By Rebecca Giblin, Anders Furze and Kimberlee Weatherall
For hundreds of years, we’ve been told patents help deliver big new inventions, such as life-saving drugs.
They are meant to be a bargain between the inventor and the public: tell us how your invention works, and we’ll give you a fixed time – a patent protection period – in which you’re the only person who can make use of it.
Such exclusive rights make it easier for inventors to profit from their investments in research and development, and in theory encourage innovation we wouldn’t get otherwise, which benefits us all.
We’ve long had to accept this bargain on faith. But those core assumptions about patents are increasingly being subject to empirical testing, and – as we detail in a new podcast starting this week – often coming up short.
Many claimed inventions likely don’t work
Consider the most basic assumption – that the public will benefit from patented technologies - both as products and services and as building blocks for more innovation. That’s meant to be achieved by inventors coming up with inventions that work, then telling the patent office how they work.
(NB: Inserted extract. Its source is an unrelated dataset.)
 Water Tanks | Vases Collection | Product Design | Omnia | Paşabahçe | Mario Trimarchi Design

But research by Janet Freilich from Fordham University in the United States suggests there is a “replicability crisis” in patent claims that rivals those in other fields.
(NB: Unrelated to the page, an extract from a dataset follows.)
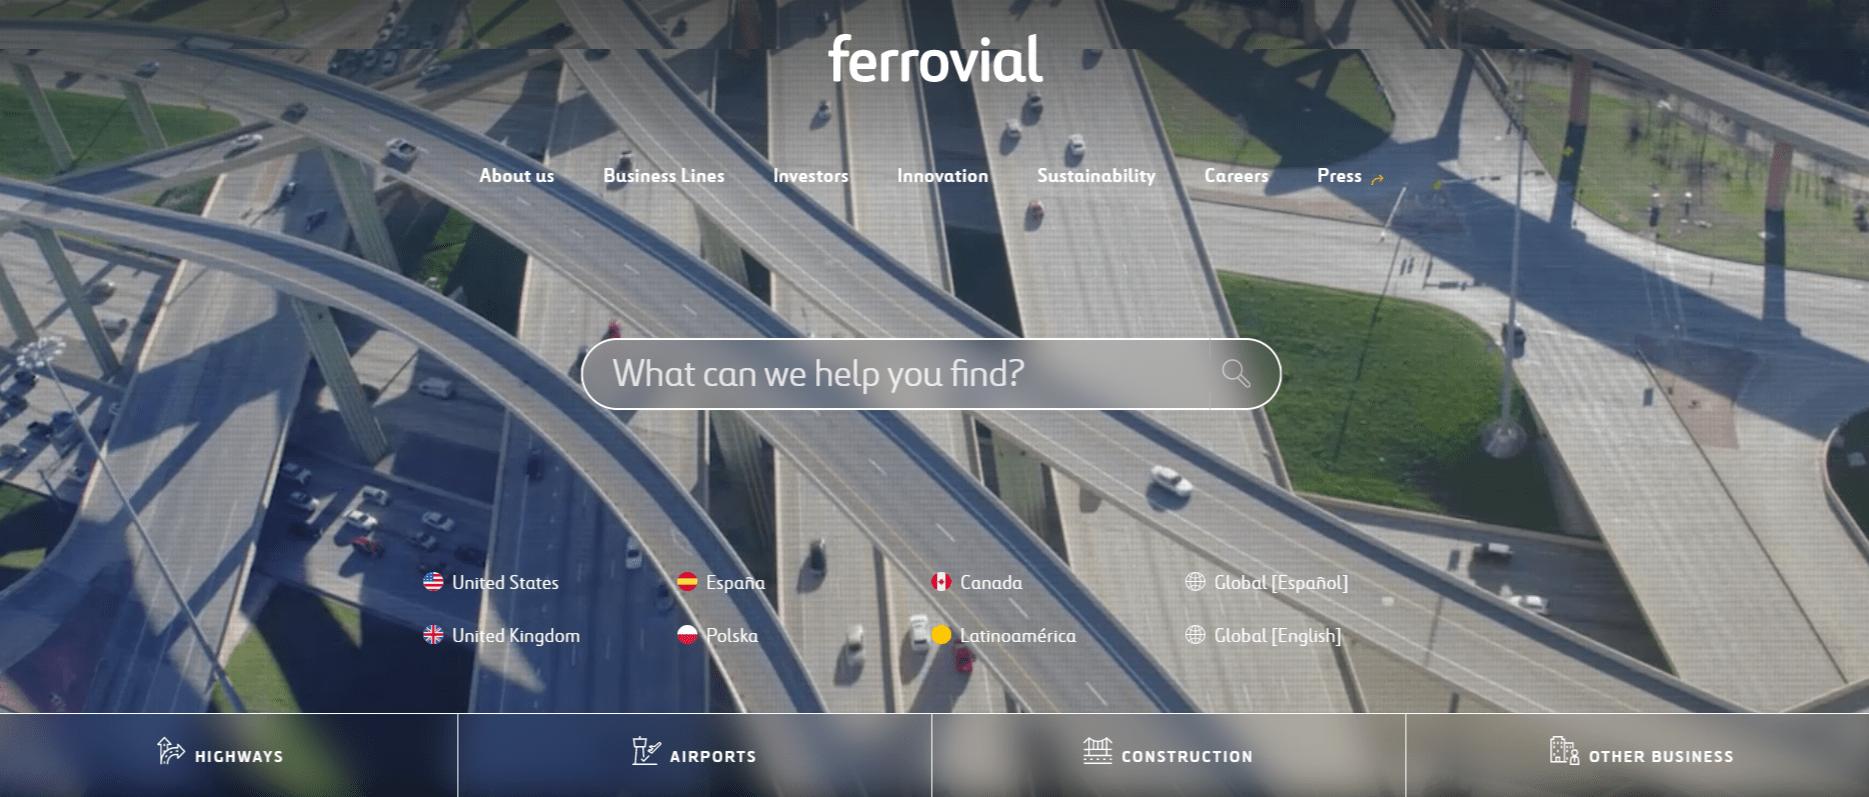 Ferrovial Global Website

Freilich graded the experiments said to back up 500 life sciences patents against the requirements of the journal Nature – and found as many as 90% didn’t stack up and probably couldn’t be reproduced.
She says
patent law relies on the assumption that, when a patent is filed, it has been “reduced to practice” – meaning that the invention works. The reality is that most inventions likely do not work, casting serious doubt on this assumption.
One of the reasons is the way the patent system works.
Under the ‘first-to-file’ system, when two inventors are developing similar technologies, the inventor who gets to the patent office first gets the patent. Freilich argues this means that any experiments they do conduct will inevitably be quick and preliminary.
Worse still, only 45% of the patents she examined were backed up by any sort of experiment. The remaining 55% were supported only by speculative and hypothetical evidence. This is allowed under patent law at least in some countries, but it does raise questions about what exactly the public gets out of the system.
Research sometimes accelerates when patents expire
We’re also told we grant patents to “incentivise” (encourage and reward) the kind of work needed to get expensive products, like new drugs, to market.
But again, this theory doesn’t always match the practice.
Research led by John Liddicoat of King’s College London finds that in the development of many drugs, the most expensive trials (Phase II and Phase III) actually accelerate once patent protection expires, when universities and hospitals feel free to step in.
This raises a number of serious questions:
- why aren’t patents providing an incentive for patent holders to do these trials?
- should we shorten the length of patents to bring forward trials?
- are commercial organisations best suited for trials?
An AI-driven flood of low-quality patents
Artificial intelligence is set to make it easier to find, and perhaps automatically enforce patents, which could frighten away more genuine innovators.
Generative AI could also lead to more patents: in the words of the government agency IP Australia, it is likely to reduce “the barrier to creating novelty”. This could potentially overwhelm patent offices with even lower quality patents.
It is also likely to mean patent examiners can no longer rely on the default assumption that the claimed invention is solely the result of human exertion, raising the possibility of needing to rethink the patent bargain.
Invention matters more than ever
More and more, new research and new developments are telling us we can no longer take the claims made for the patent system on faith.
Urgent challenges – including climate change, infectious diseases, political polarisation and artificial intelligence – all require cutting-edge science that can be put to work quickly and at scale to solve real-world problems.
That makes this an ideal time to talk about whether our patent system is best equipped for that task, exploring a range of options for finding and applying the innovations we need - and bringing in voices and perspectives that are too often marginalised in intellectual property debates.
This article is republished from the Conversation
Read the original article here
What is happening in India?

Over the years, India has understood the importance of strong patent systems for the growth of industry and commerce, trying to maintain a balance between exclusive rights of the inventor and the public interest. As per the Indian Patent Office Annual Report 2021-22, 66,440 patent applications were filed in India. Out of which, 66,572 applications were examined, out of which 30,073 were granted and 35,990 applications were disposed of. As of March 31, 2022, the number of patents in force was 115916 out of which 19700 belonged to Indian patentees.

The patents granted in the field pharmaceuticals and medical field reflect the country's priority to excel in’s healthcare, which in return benefits its citizens.
The question here is not how many of the patents are granted or rejected, the question is how many of the granted patents have been used commercially. Under section 146 of the patent act, 55014 statements on the working of patents were received in Form 27 during the year and 9616 patents were reported as working.

For years IP as a legal mechanism has played a crucial role in incentivising innovation and creativity by providing rights to creators and innovators for a fixed period of time. However, these prolonged exclusive rights also stifle innovation and creativity by inhibiting the free exchange of ideas and hindering the free dissemination of knowledge.
A delicate balance is required between these incentives and access to knowledge in the fast-changing dynamic world of disruptive technology and innovation. Perhaps it is time to reconsider the terms of these laws and carefully consider the limitations and exceptions.